While the books on innovation, and her role with BSR, are for the so-called grown-ups, Anna is also the author of three children’s books: Jacob and the Dust Sprite, Buffalo’s Long Bath and Alba and the Stone Goddess. True to form, the kids’ books provide more than simply a fun read. “The aim is to support child development from birth to early reading by encouraging curiosity, exploration and enquiry; supporting sociability by showing how friends can help and guide each other; inciting interest in wildlife and the natural world and encouraging children to recognise their emotions and trust their instincts,” she explains. 

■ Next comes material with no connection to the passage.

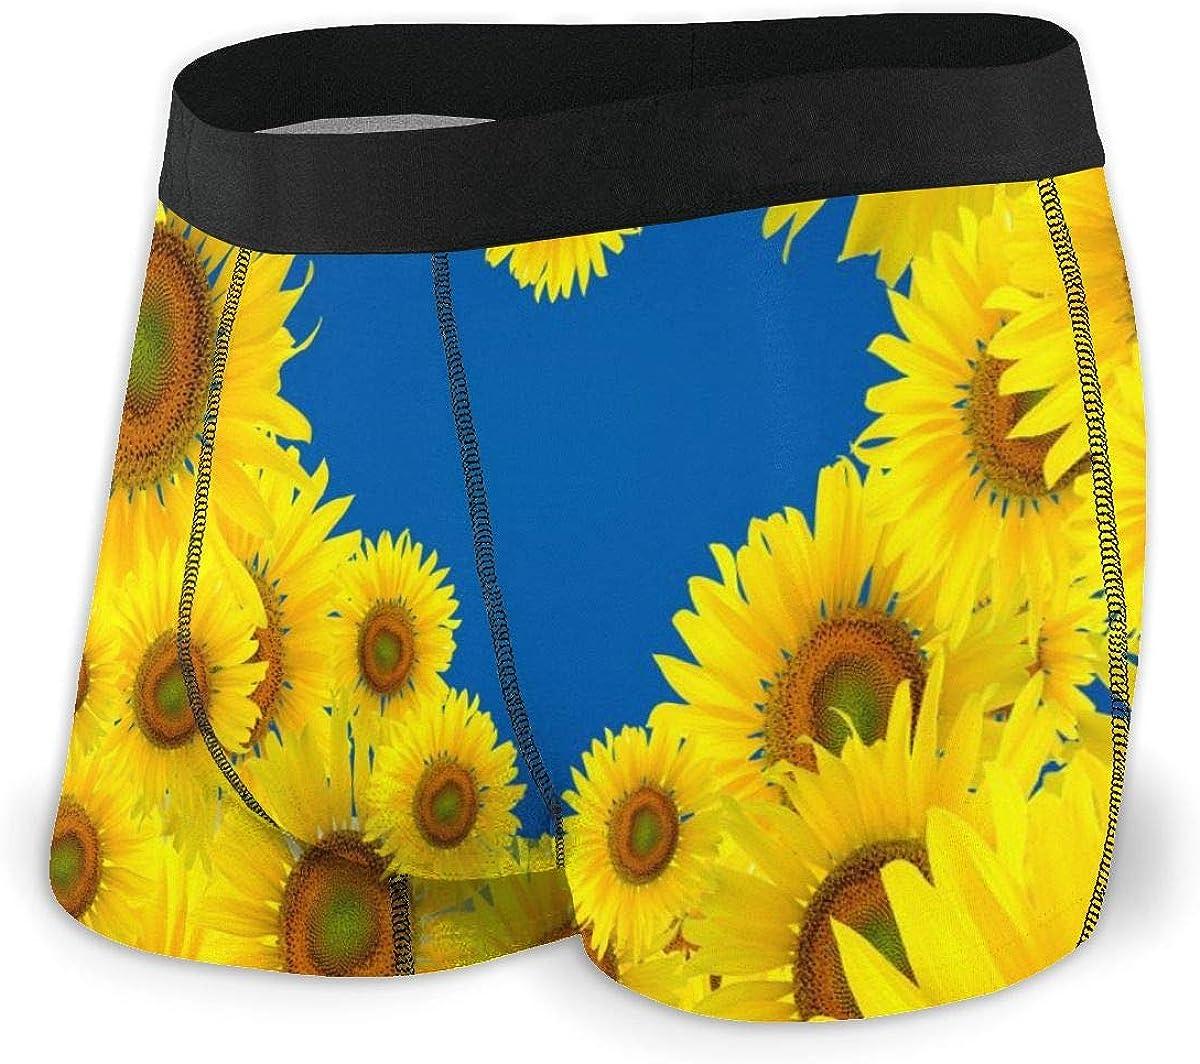 Mens Boxer Briefs Sunshine Love Heart Sunflowers Boys Trunks Underwear Short Leg Breathable Man

These days, Anna is particularly stoked about her work with younger generations as director and chief innovation coach with Flux Compass, an agency she set up in 2017 upon arriving in Hong Kong. Flux has an eye on the long term, and turning out visionaries and strategists who will make the world more liveable. With Flux, she’s worked with World YMCA, Young Friends of the Earth Europe, UNICEF in Iraq, and schools and universities in Hong Kong. Get them young, right? 

“It’s partly, ‘Yeah, get them young,’ but it’s also because their minds are so much more open. As adults, we come to know how the system works and our default is to say ‘That’s not possible,’ but the beginner’s mind is really powerful. And our education systems are lacking the capacity to teach how to think strategically and across systems,” Anna laments. 

“I enjoy working with young people and watching their minds adapt to these changes and run with them,” she adds. “You look at professionals and they are sometimes nervous to talk about emerging trends and where they might lead; they fear they should have expertise that they don’t. When we’re talking about the future, we have to recognise we don’t know what it will be, we have to be open to many possibilities, and we have to be free to ask questions.” 

And that’s what it’s about: Making companies into the kinds of entities future workers won’t be ashamed to have on their CVs; the kinds of entities that understand change is a constant. As Anna says: “You can’t just assume that these things – water from your tap, food on the shelves, power – will always be there.” 

In the meantime, Anna is quite content not making holiday plans even in the wake of the freshly announced abolition of quarantine. The family did a seven-day quarantine earlier this year, and they’re still recovering. 

“We haemorrhaged money going to the UK in the spring, so we’ll be here for the rest of the year, but we might be able to bring family here,” Anna finishes. “With three little kids the trip was a challenge.” Surely not as challenging as fixing the future.